» PROBLEM STATEMENT:
Transcribe exactly the line with "Free Printable Soccer" and each line that follows it in the listing, down to the last, omitting all pictures.

» INFORMATION SUPPLIED:

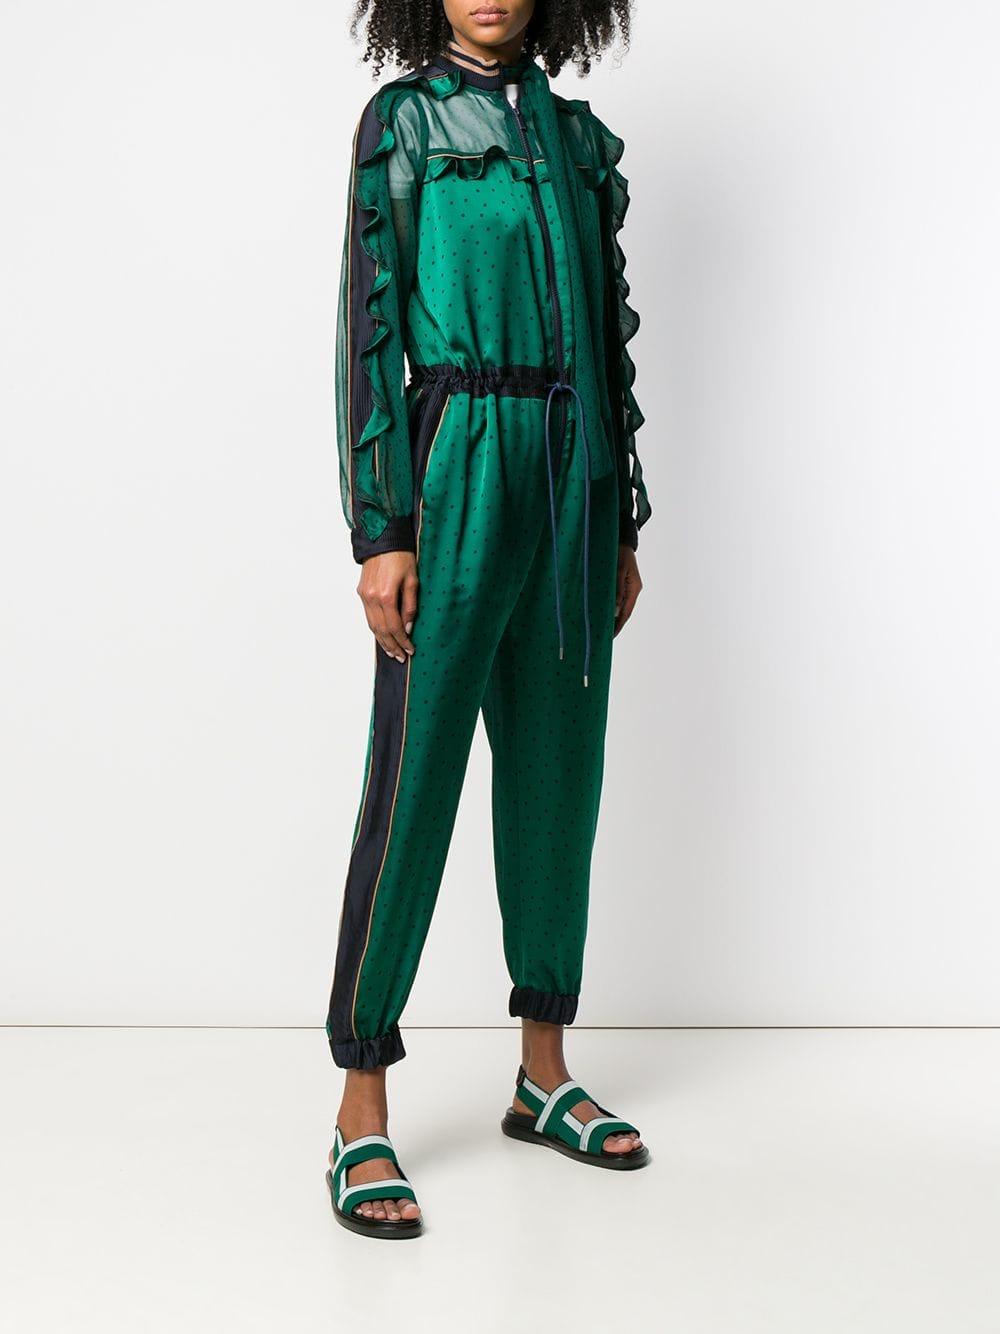 Sacai Synthetic Dot Print Jumpsuit in Green - Lyst
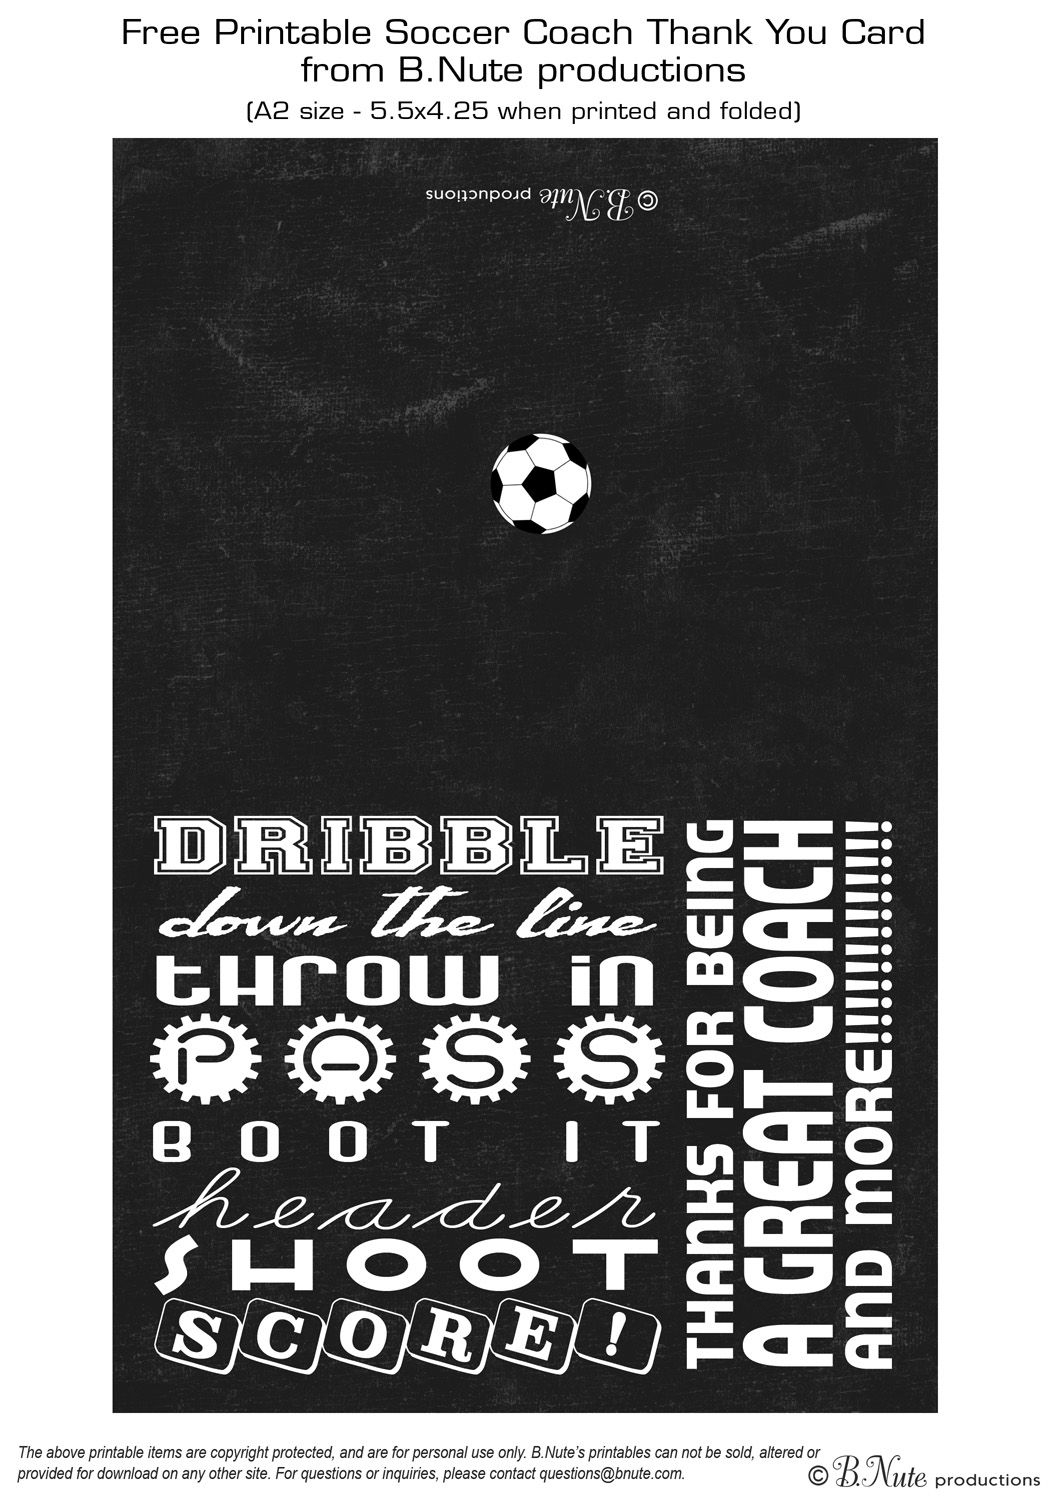 Free Printable Soccer Coach Thank You Card From B.nute Productions - Administrative Professionals Cards Printable Free
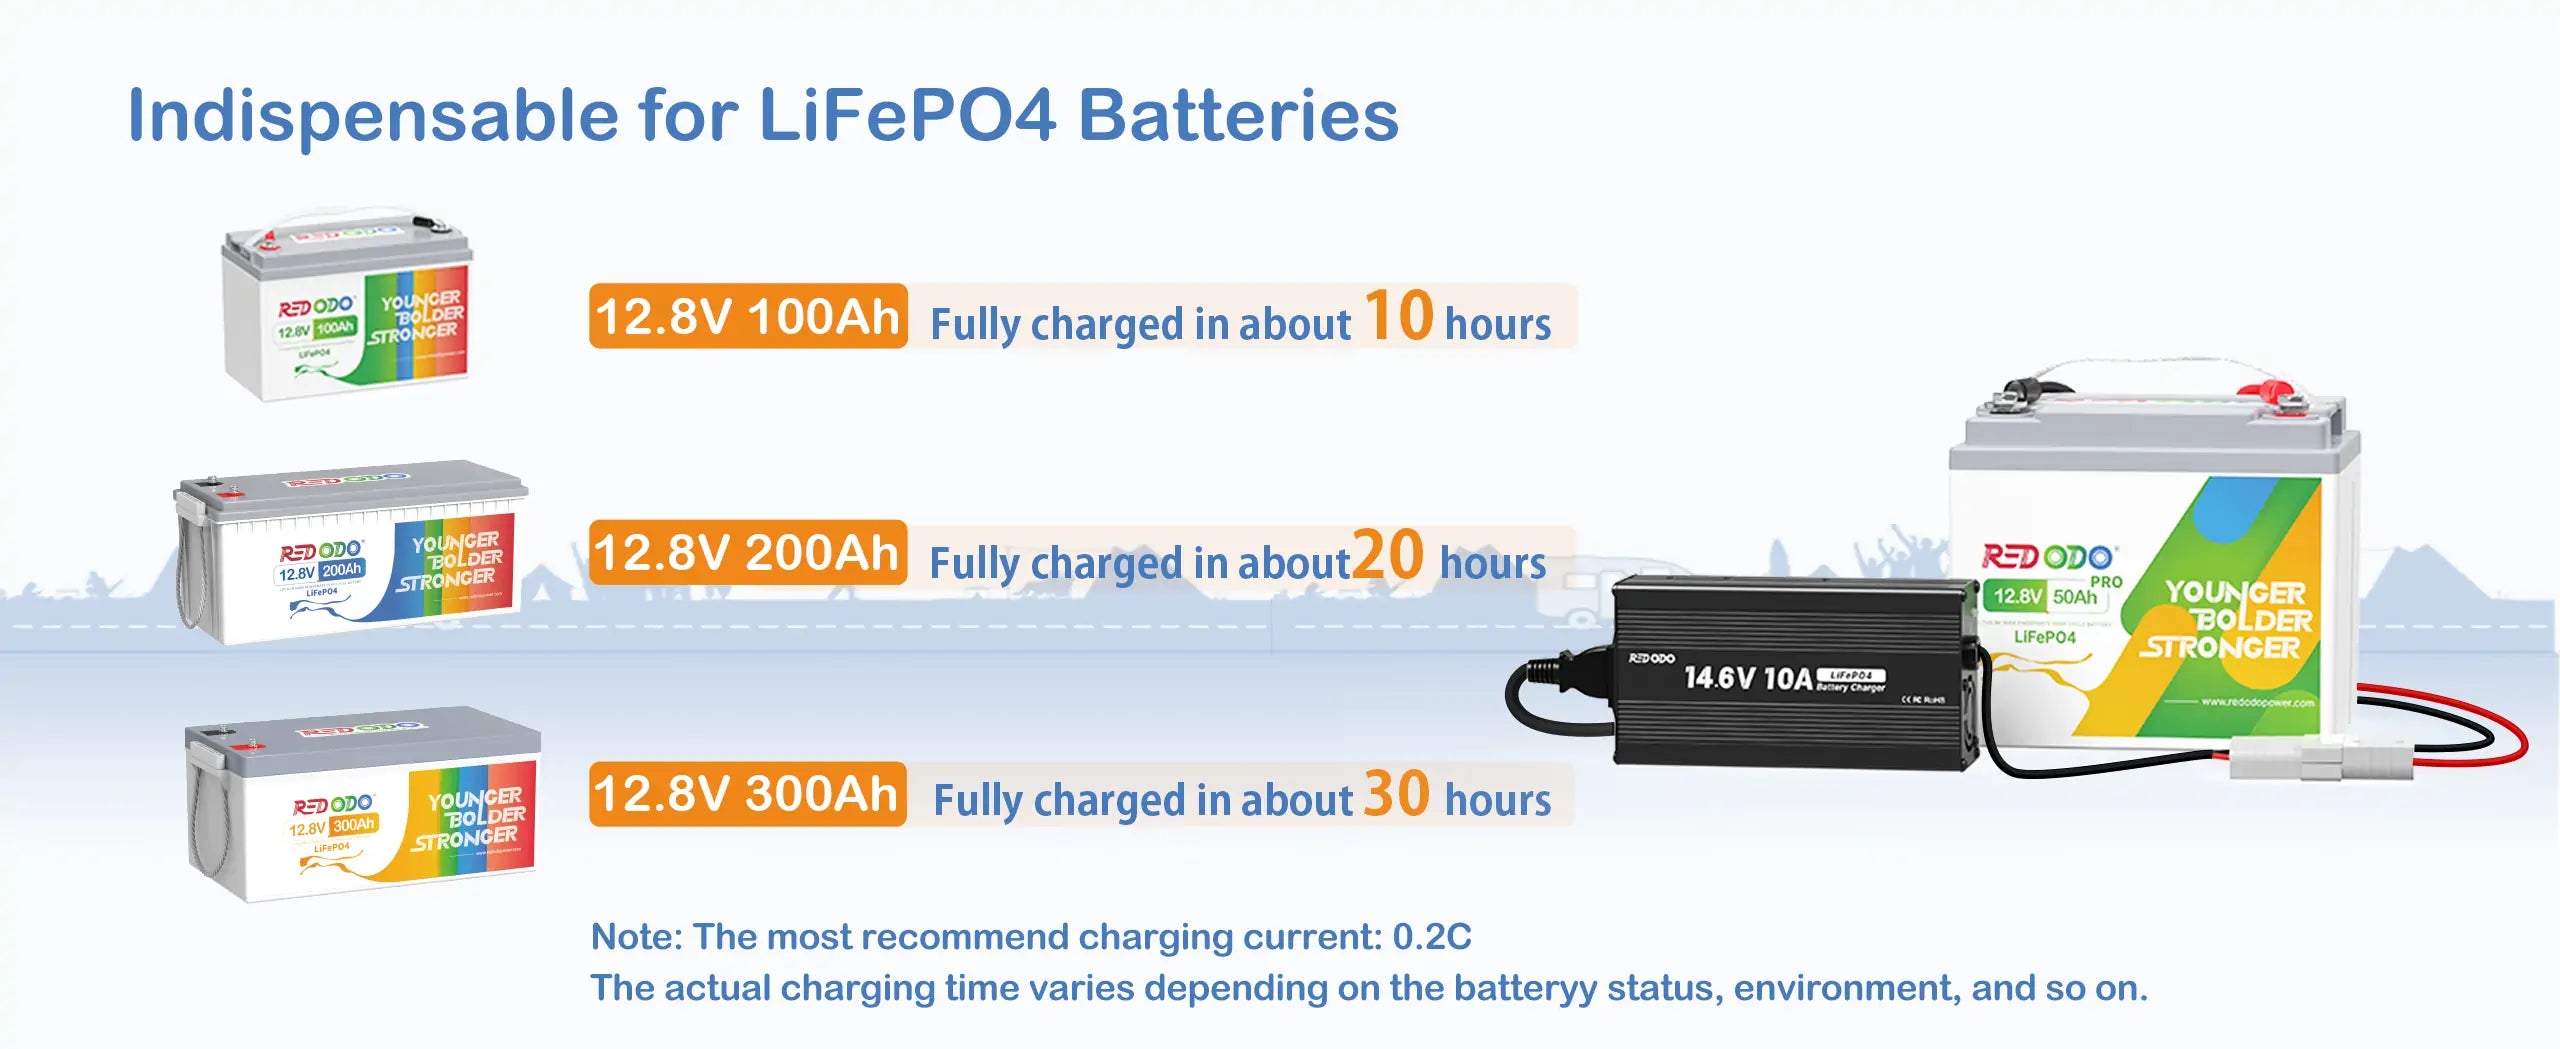 Redodo 14.6V 10A lifepo4 battery chargers

» THE COMPLETED TASK:
 Free Printable Soccer Coach Thank You Card From B.nute Productions - Administrative Professionals Cards Printable Free
 Redodo 14.6V 10A lifepo4 battery chargers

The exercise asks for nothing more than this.